从execute方法开始读源码。如果想读StreamExecutionEnvironment#execute之前的部分,请参照另一篇Flink1.15源码阅读flink-clients客户端执行流程(阅读较枯燥)
package com.flink.datastream;
import org.apache.flink.api.common.functions.RichFlatMapFunction;
import org.apache.flink.api.common.state.StateTtlConfig;
import org.apache.flink.api.common.state.ValueState;
import org.apache.flink.api.common.state.ValueStateDescriptor;
import org.apache.flink.api.common.time.Time;
import org.apache.flink.api.common.typeinfo.TypeHint;
import org.apache.flink.api.common.typeinfo.TypeInformation;
import org.apache.flink.api.java.tuple.Tuple2;
import org.apache.flink.configuration.Configuration;
import org.apache.flink.streaming.api.environment.StreamExecutionEnvironment;
import org.apache.flink.util.Collector;
/**
* @author happy
* @since 2022/5/24
*/
public class CountWindowAverage extends RichFlatMapFunction<Tuple2<Long, Long>, Tuple2<Long, Long>> {
/**
* The ValueState handle.

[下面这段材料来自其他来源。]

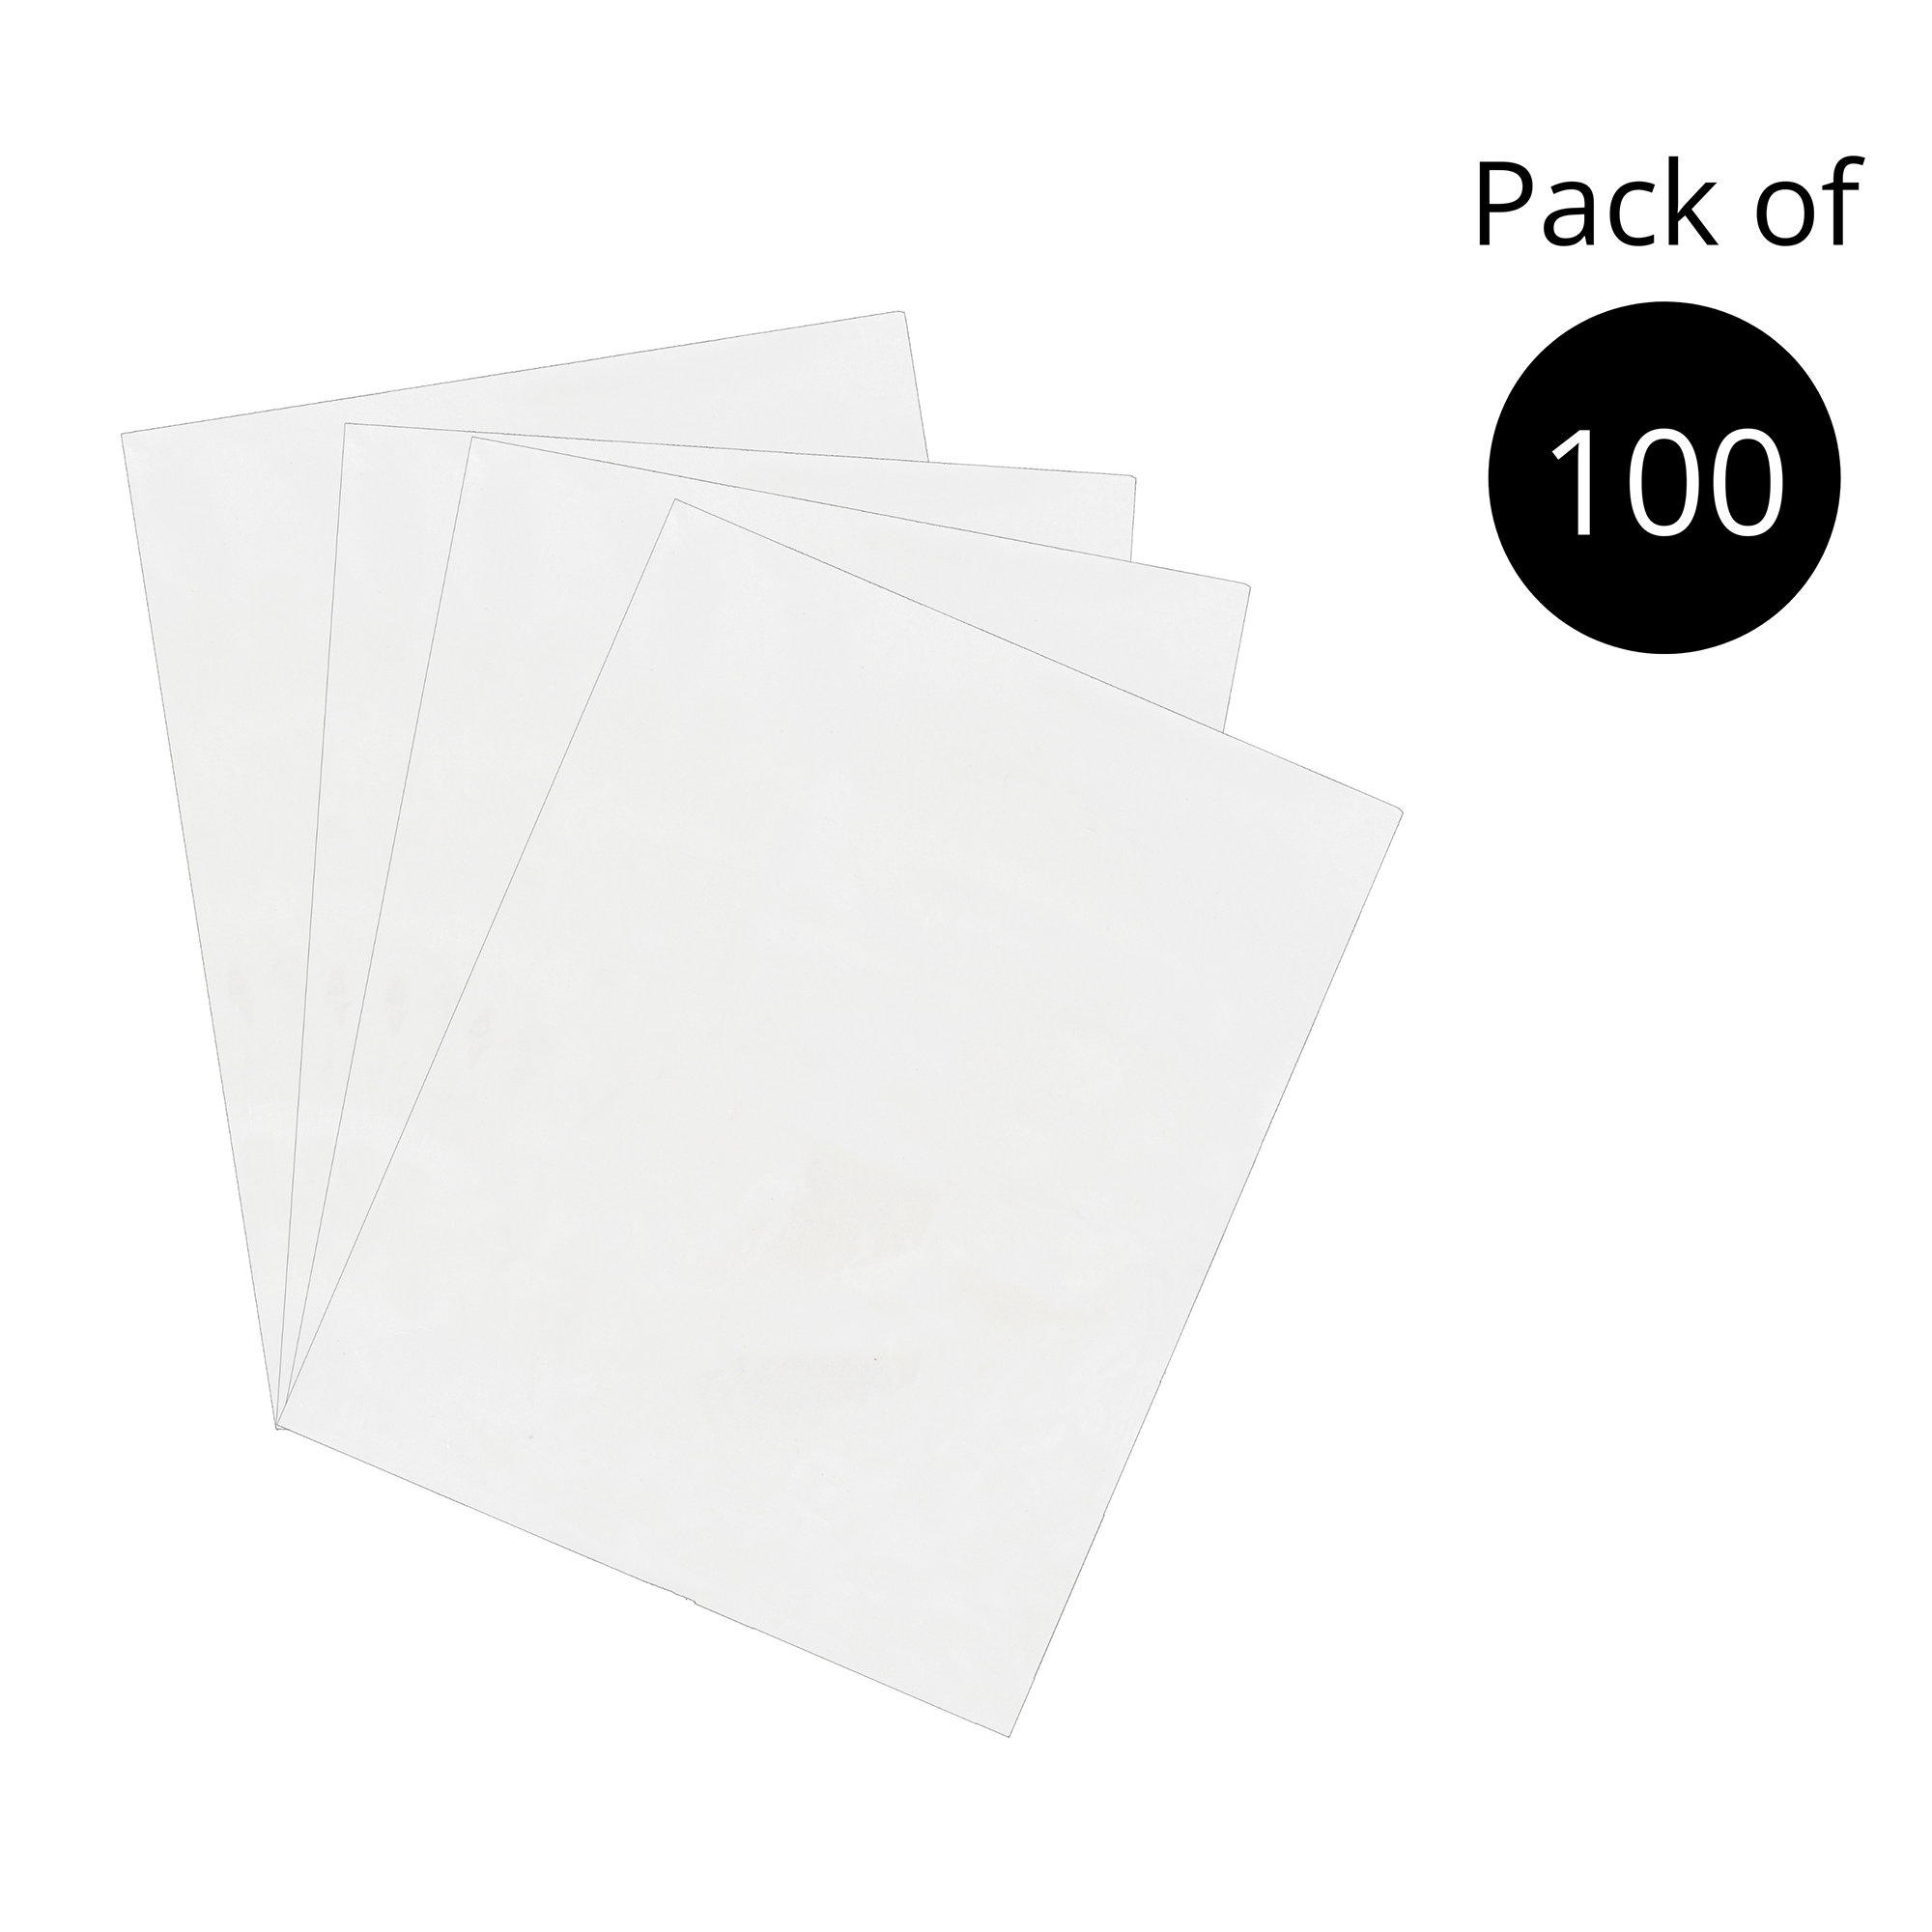 InfinitePack 100 CT 16x20 inches 1 Mil Clear Plastic Flat Open Poly Bags Great for Food, Storage, Packaging, and More - Infinite Pack

The first field is the count, the second field a running sum.
*/
private transient ValueState<Tuple2<Long, Long>> sum;
@Override
public void flatMap(Tuple2<Long, Long> input, Collector<Tuple2<Long, Long>> out) throws Exception {
// access the state value
Tuple2<Long, Long> currentSum = sum.value();
// update the count
currentSum.f0 += 1;
// add the second field of the input value
currentSum.f1 += input.f1;
// update the state
sum.update(currentSum);
// if the count reaches 2, emit the average and clear the state
if (currentSum.f0 >= 2) {
out.collect(new Tuple2<>(input.f0, currentSum.f1 / currentSum.f0));
sum.clear();
}
}
@Override
public void open(Configuration config) {
StateTtlConfig ttlConfig = StateTtlConfig
.newBuilder(Time.seconds(1))
.setUpdateType(StateTtlConfig.UpdateType.OnCreateAndWrite)
.setStateVisibility(StateTtlConfig.StateVisibility.NeverReturnExpired)
.build();
ValueStateDescriptor<Tuple2<Long, Long>> descriptor =
new ValueStateDescriptor<>(
"average", // the state name
TypeInformation.of(new TypeHint<>() {
}), // type information
Tuple2.of(0L, 0L)); // default value of the state, if nothing was set
//设置每条独立keyed dataStream状态的生存时间
descriptor.enableTimeToLive(ttlConfig);
sum = getRuntimeContext().getState(descriptor);
}
public static void main(String[] args) throws Exception {
StreamExecutionEnvironment env = StreamExecutionEnvironment.getExecutionEnvironment();
// this can be used in a streaming program like this (assuming we have a StreamExecutionEnvironment env)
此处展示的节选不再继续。